Mom stepped in, trying to bring us back around to the kind of weightless declarations that normally filled the air after a funeral. “We’ll all miss him, very much.”

“The plant won’t be the same without him,” said George.

My dad just nodded and stared past him, refusing to allow the conversation a peaceful death. Finally, Kruer turned uncomfortably around, abandoning whatever chore he had inside the church, returning instead to the safety of his union pals. We finished our short walk to the car.

When we got in, my father turned the key and sighed loudly. I suddenly realized how draining the funeral had been for him. Mother patted his knee sympathetically.

“They’ve got a lot of nerve showing up here like that, don’t they?” he said.

My mother removed her hand quickly and looked out the window.

“Come on, it’s not like Don died of a heart attack,” my dad responded.

“Stop.” Mom was offended. “This doesn’t have anything to do with the strike.
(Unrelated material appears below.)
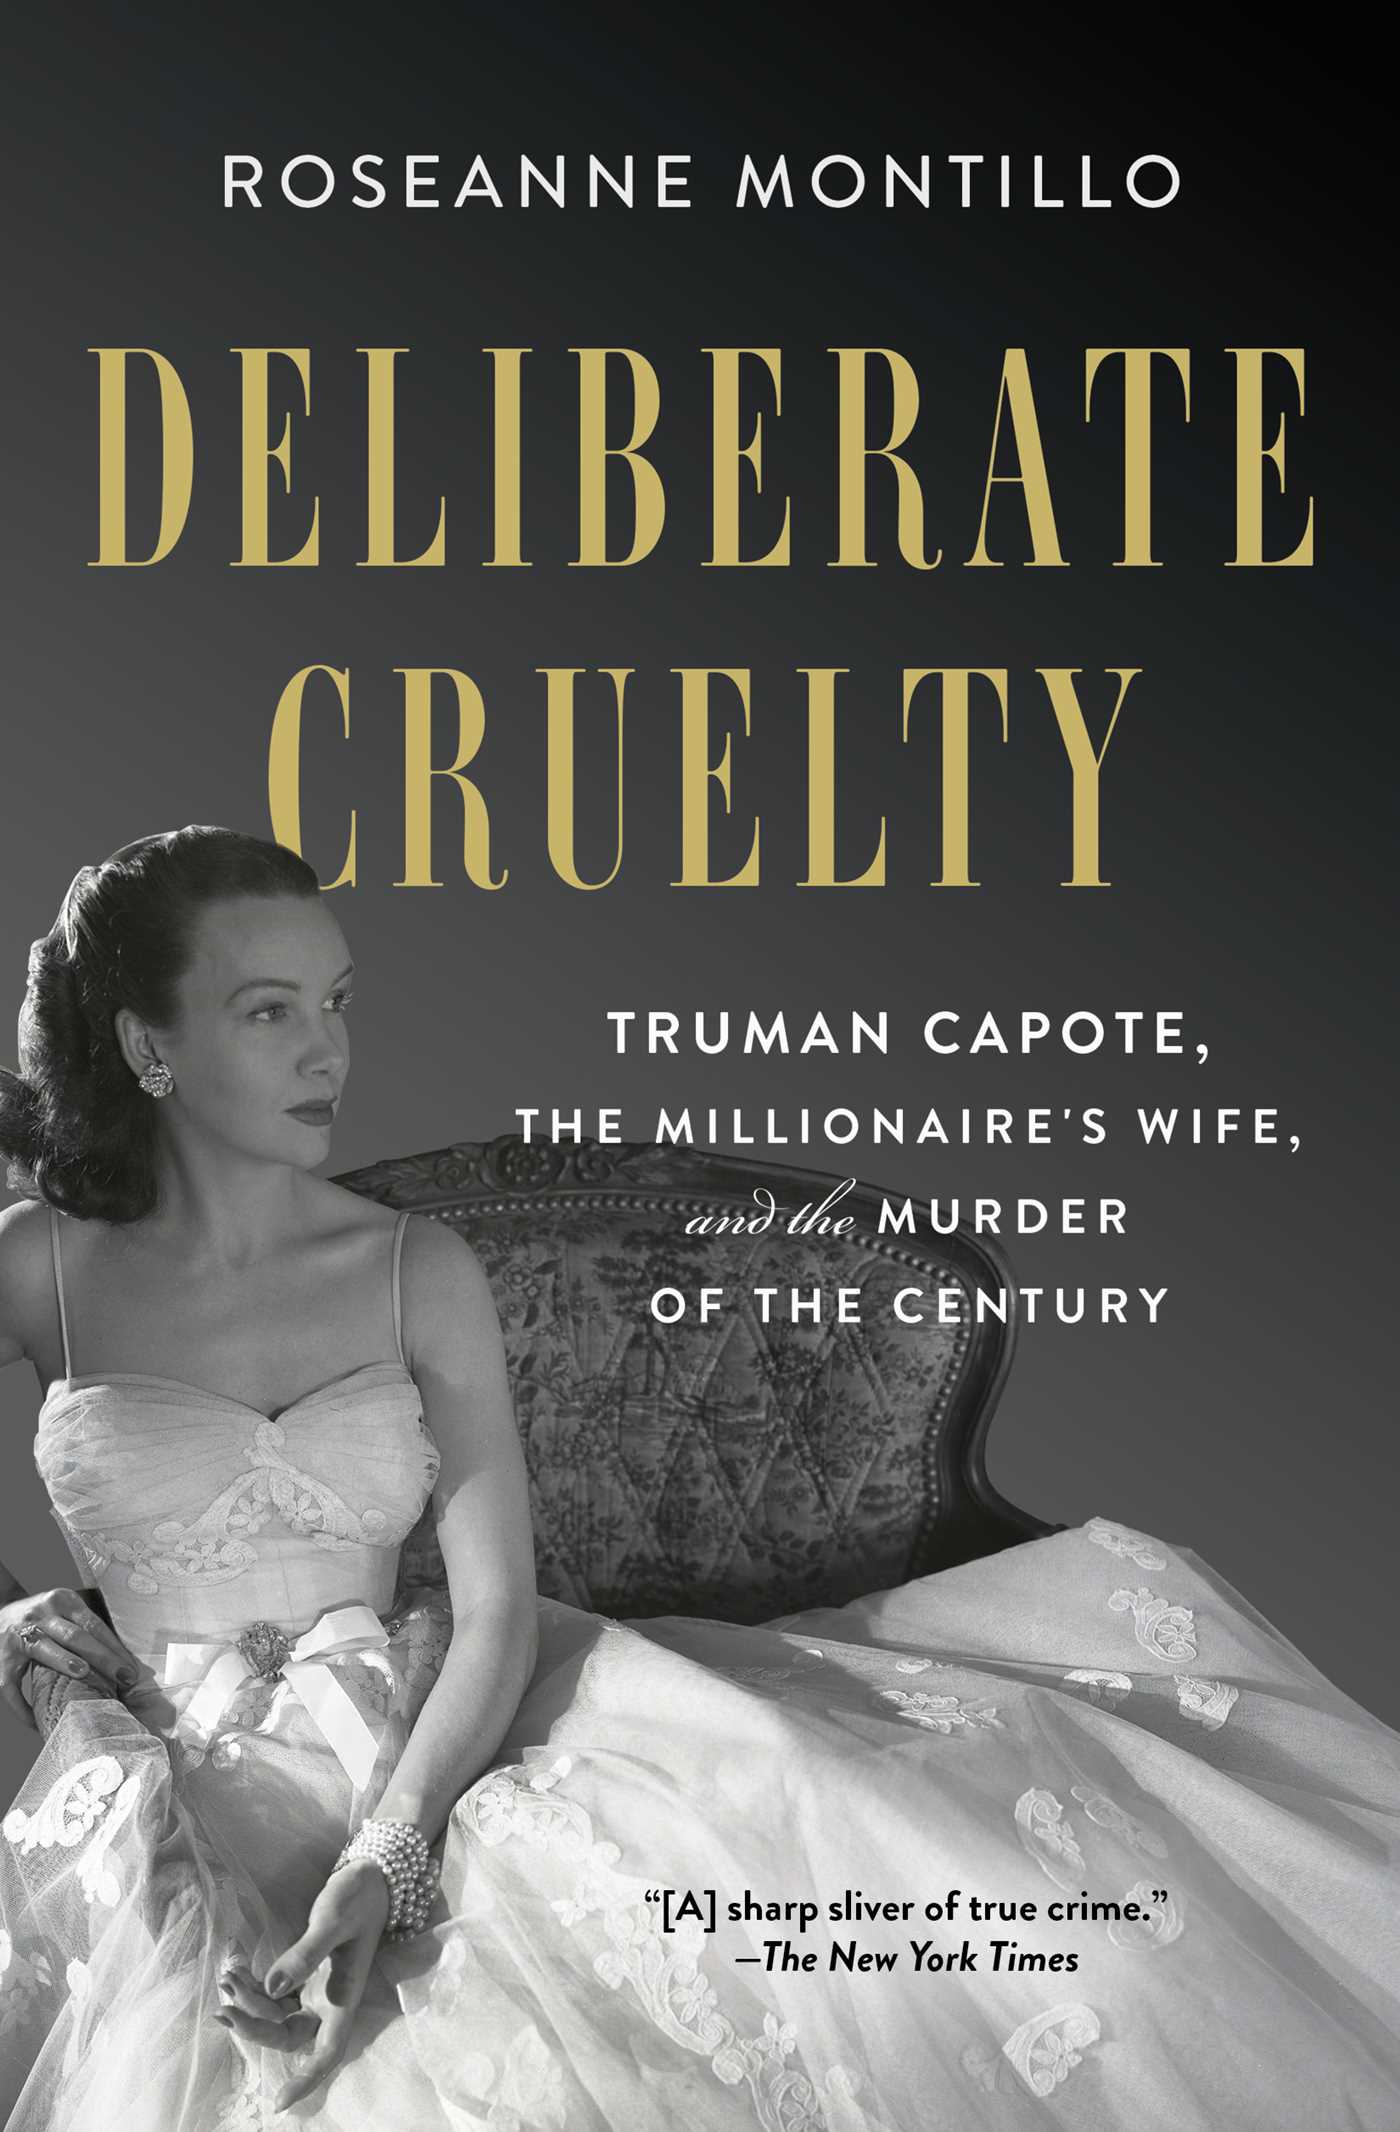 Deliberate Cruelty by Truman Capote

Most of these men have known Don Strange since they were boys.”

“Nothing to do with the strike?” My father started to prepare a more detailed rebuttal, but thought better of it, and drove us home in silence.

I always slipped into kind of a trance in the backseat of Dad’s smooth Buick back then, especially when the air-conditioning was cranked up on a sweltering day. The thought of Don Strange’s death, the image of that gleaming casket sinking slowly into the ground, pushed me further into a kind of melancholy fog. I was staring out my window when we turned down our driveway, looking down the barely visible path Tom and I ran on the night of the explosion. Dad pulled up to the house and kept the car running for just a moment longer than normal, a change in rhythm that dragged me out of my trance. When I looked up, Dad was staring straight ahead, his hands clenching the steering wheel. Mom was crying softly for the first time that day, her hands up to her mouth.

YOUR NEXT
had been painted in large brown letters on our garage door.

Sheriff Kohl came up immediately. Once he arrived, he sat in the driveway for just a few seconds in the brown Crown Vic, writing studiously in a small notepad. He reviewed his notes with a furrowed brow, then exited the car as we watched.

He was tall and slim in a way that for some reason reminded me of cowboys. The gun on his belt suited him: a .357 Colt Python with a royal blue barrel and a grip of dark, polished walnut, a serious gun for a serious man. His uniform was immaculate, all the way down to where the cuffs of his perfectly creased pants broke against the tops of his shiny brown shoes. Sheriff Kohl had a way of always looking equally concerned, whether he was arresting a drunk driver, handing out Halloween candy at city hall, or singing “I Saw the Light” from the main stage of the Strawberry Festival. Sheriff Kohl looked good, and he looked like a lawman, both of which helped him win reelection, term after term.